Please make an exact copy of the lines from the one holding "Sennheiser AMBEO MAX" through the end of the data, both ends included, with no pictures.

Provided data →
⟨

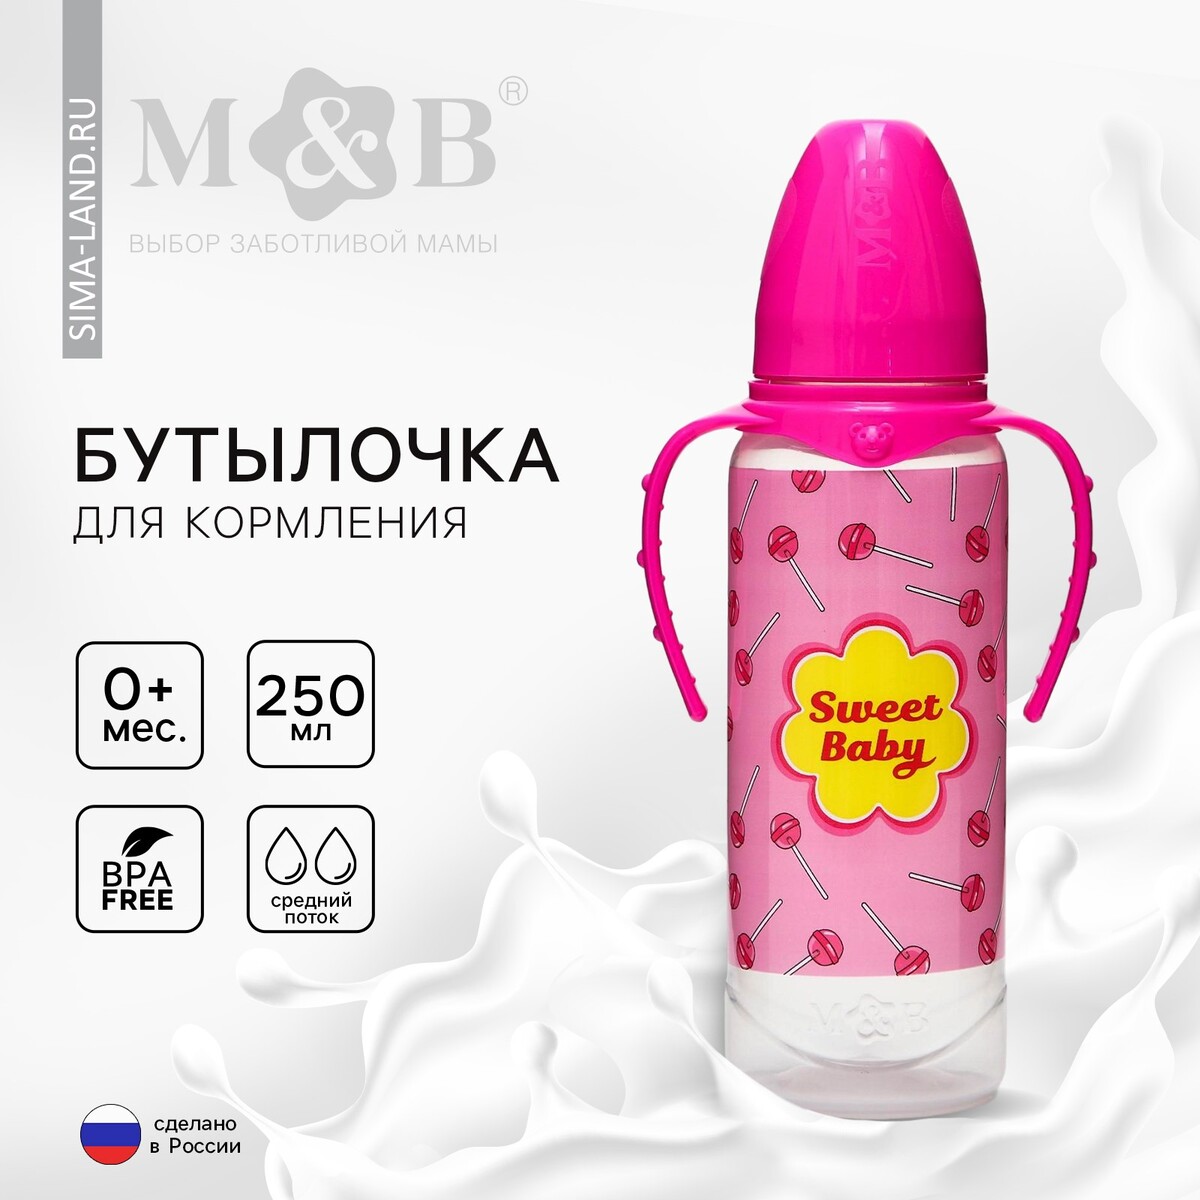 Бутылочка для кормления sweet baby, классическое горло, от 0 мес, 250 мл., цилиндр, с ручками
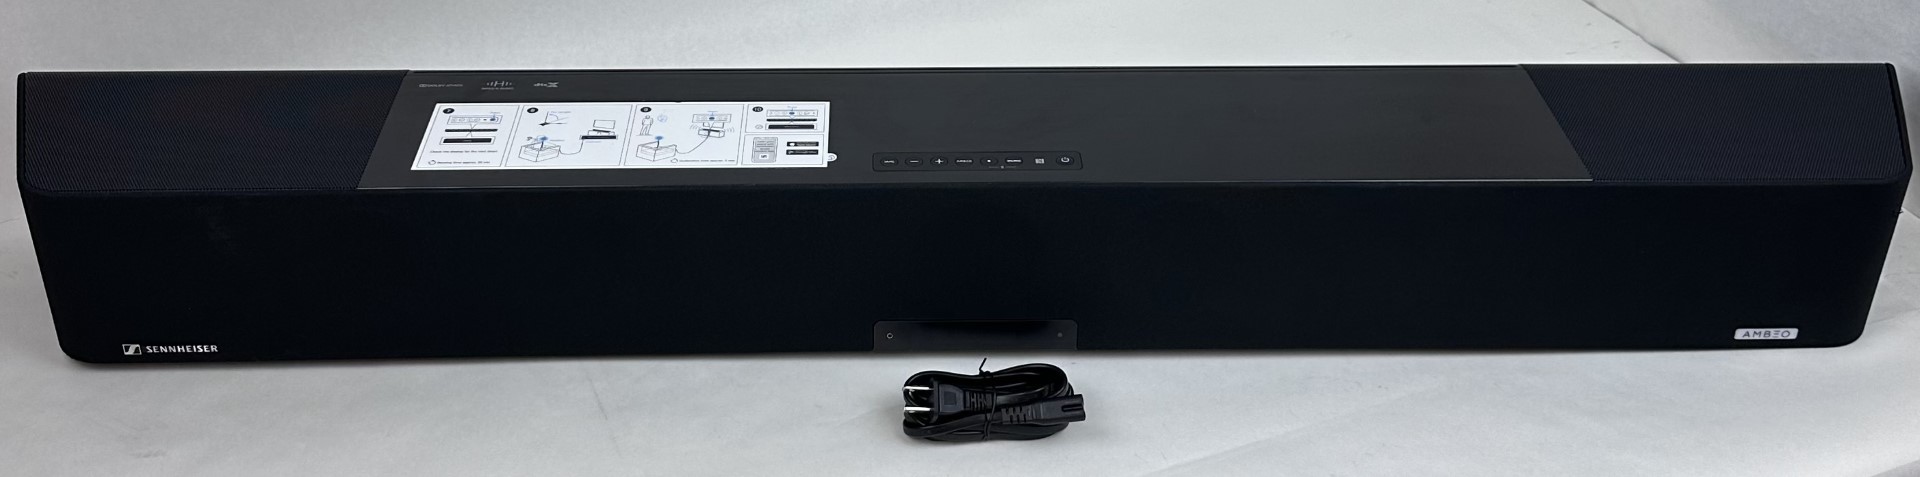 Sennheiser AMBEO MAX 5.1.4 Channel with Dolby Atmos Soundbar SB01 - 0332035625
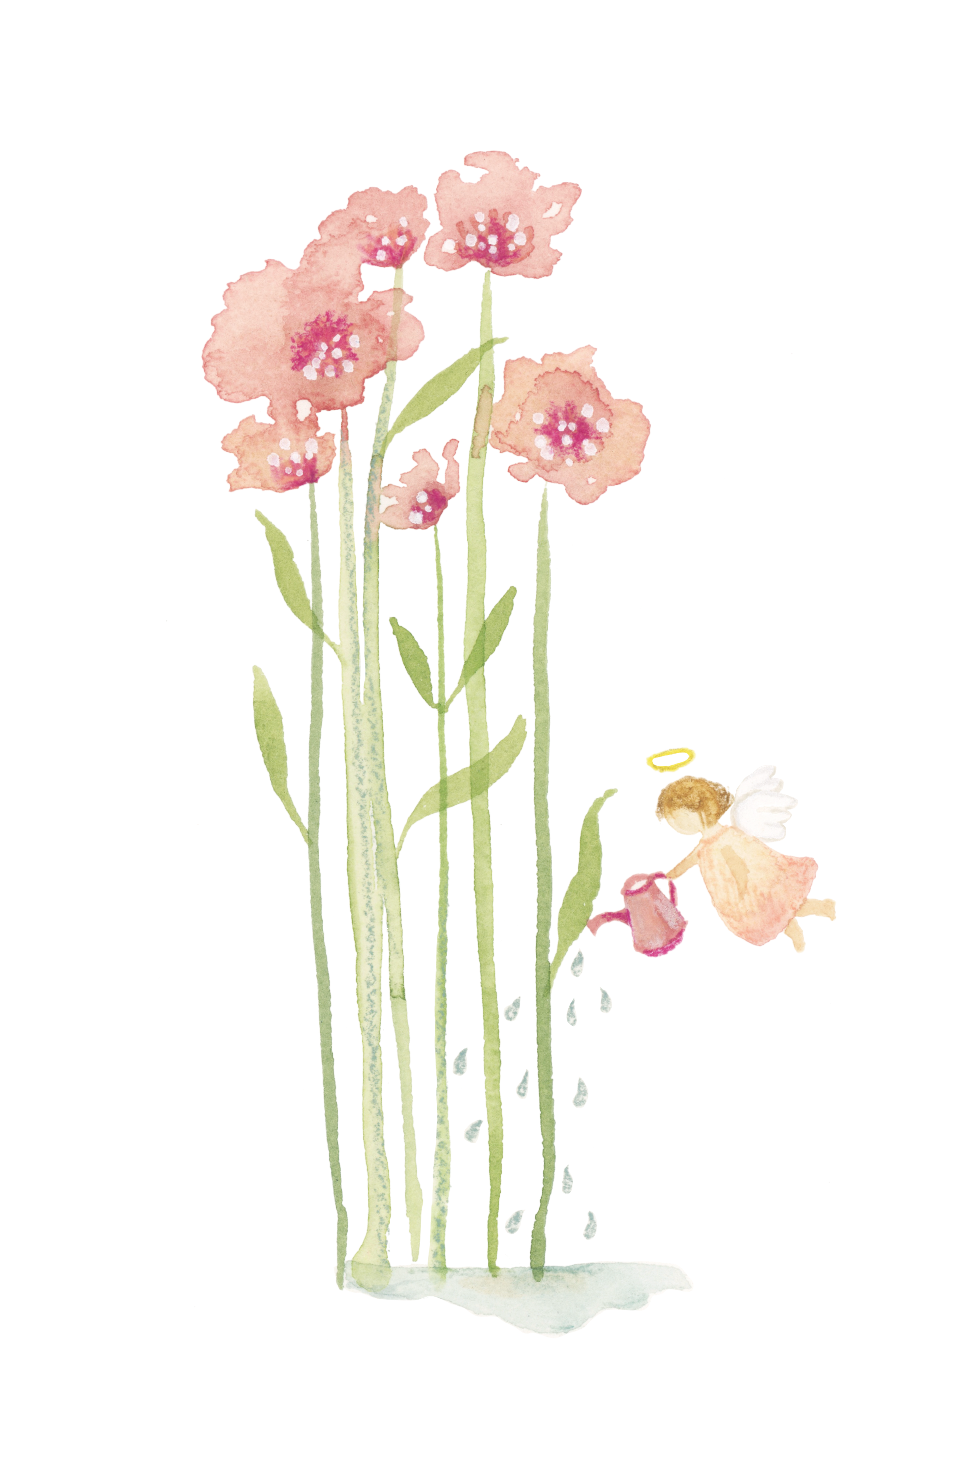 Santito ilustrado por BERNIE flores

⟩

Output →
 Sennheiser AMBEO MAX 5.1.4 Channel with Dolby Atmos Soundbar SB01 - 0332035625
 Santito ilustrado por BERNIE flores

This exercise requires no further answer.